Но он сам двинулся мне навстречу.
— Я тебя искал, — озабоченно произнес он. — Мне сказали, что ты так и не вернулся с нашей вчерашней прогулки, и я подумал… — Он замолчал, пристально разглядывая меня. Затем его золотые глаза расширились, а на лице появилось выражение удивленного понимания.
— Да что со мной такое? — спросил я, внезапно вспомнив о странном поведении других воинов. — Кто-нибудь объяснит мне, в чем дело?
— Ты видел Его, — коротко промолвил Мирддин. — Ты видел Грааль.
Я схватил его за руку и потащил в темный угол, не желая обсуждать столь важную вещь на виду у всех.
— Почему ты так решил?
— Твое лицо. — Он внимательно оглядел меня со всех сторон. — У тебя вид человека, заснувшего на солнце: кожа покраснела.
— Как покраснела?
— Как от загара. Но этой ночью солнце не всходило.

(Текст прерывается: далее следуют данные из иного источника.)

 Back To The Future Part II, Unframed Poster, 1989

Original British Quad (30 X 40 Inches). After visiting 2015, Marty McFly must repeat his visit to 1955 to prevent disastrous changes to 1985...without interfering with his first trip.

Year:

— Загар… но… — Я растерянно потрогал свои щеки. Кожа высохла и покрылась крошечными бугорками, похожими на волдыри солнечного ожога, но я не чувствовал ни малейшей боли, а щеки казались прохладными на ощупь. Но я ему поверил.
— Ты не вернулся в Тор, значит, провел ночь в старом святилище, — объяснил Эмрис. — Там мне впервые явился Грааль.

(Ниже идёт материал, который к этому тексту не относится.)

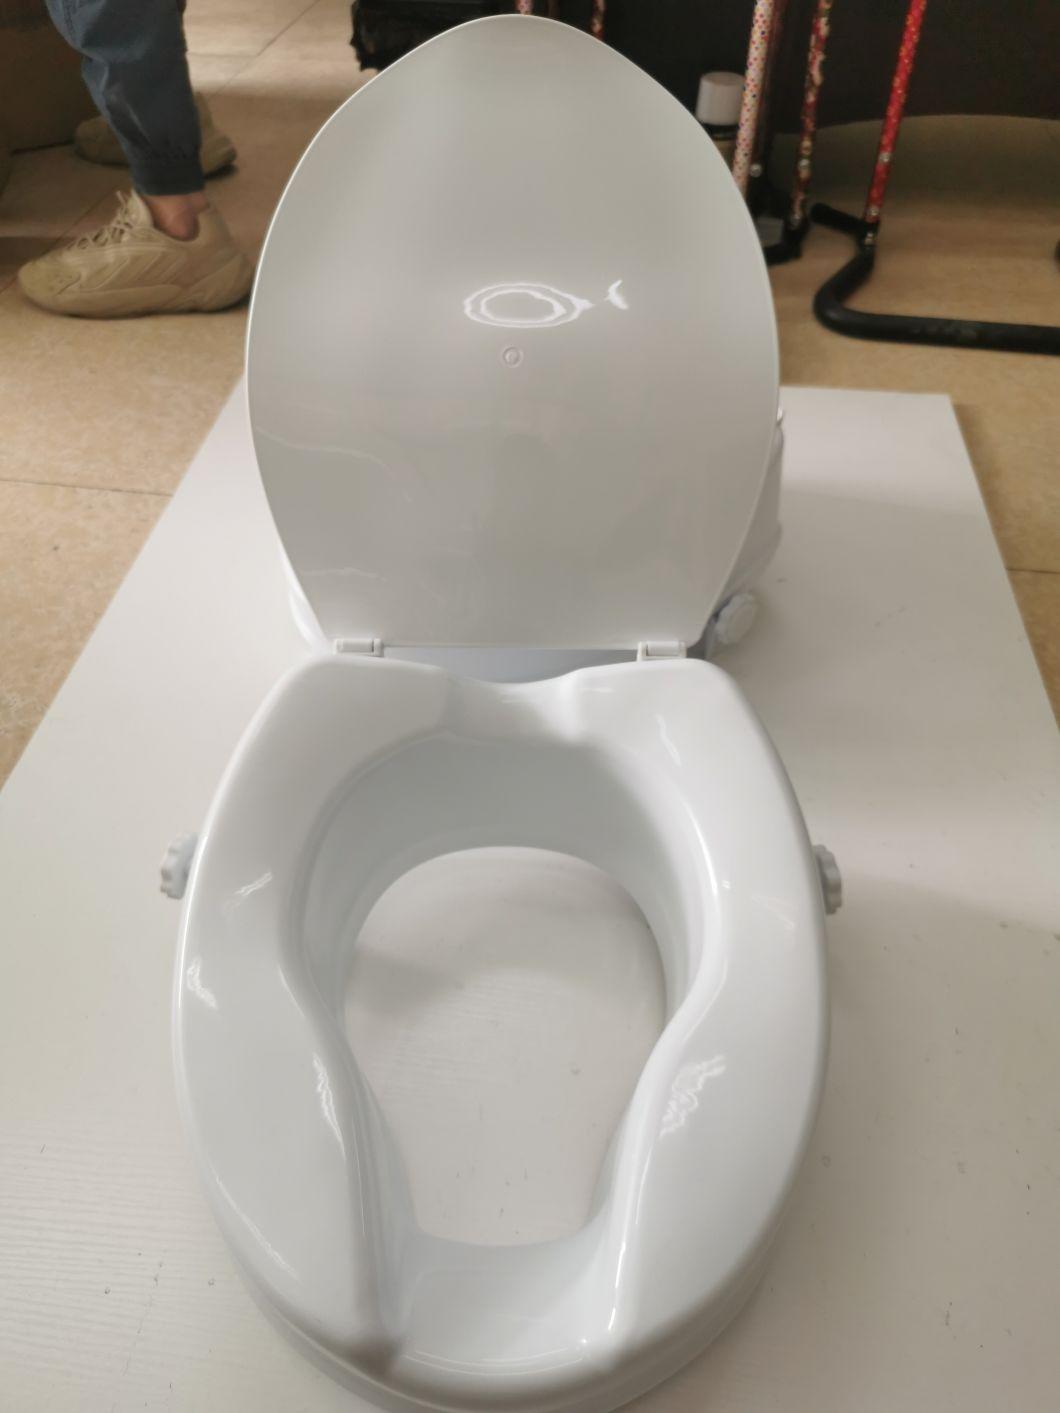 Commode Chair - Raised Toilet Seat with Lid, White, 2/4/6-Inches

Понимая, что никакими словами не смогу передать виденного, я сконфуженно ответил:
— То, что я видел, мне трудно описать.
— А это и не нужно, Галахад, — он понимающе улыбнулся. — Я ведь тоже видел.
— Но почему я, Мирддин? — шепотом вскричал я. — Я ведь не самый набожный из людей, вовсе нет! Есть христиане куда лучше меня, даже тут, поблизости. Почему я?
— Бог знает, — ответил он. — Дух свободно дышит, где хочет, и никто не в силах ему помешать.
— Но я думал, что Грааль настоящий, то есть настоящая чаша. А то, что я видел… — я запнулся. А что я видел?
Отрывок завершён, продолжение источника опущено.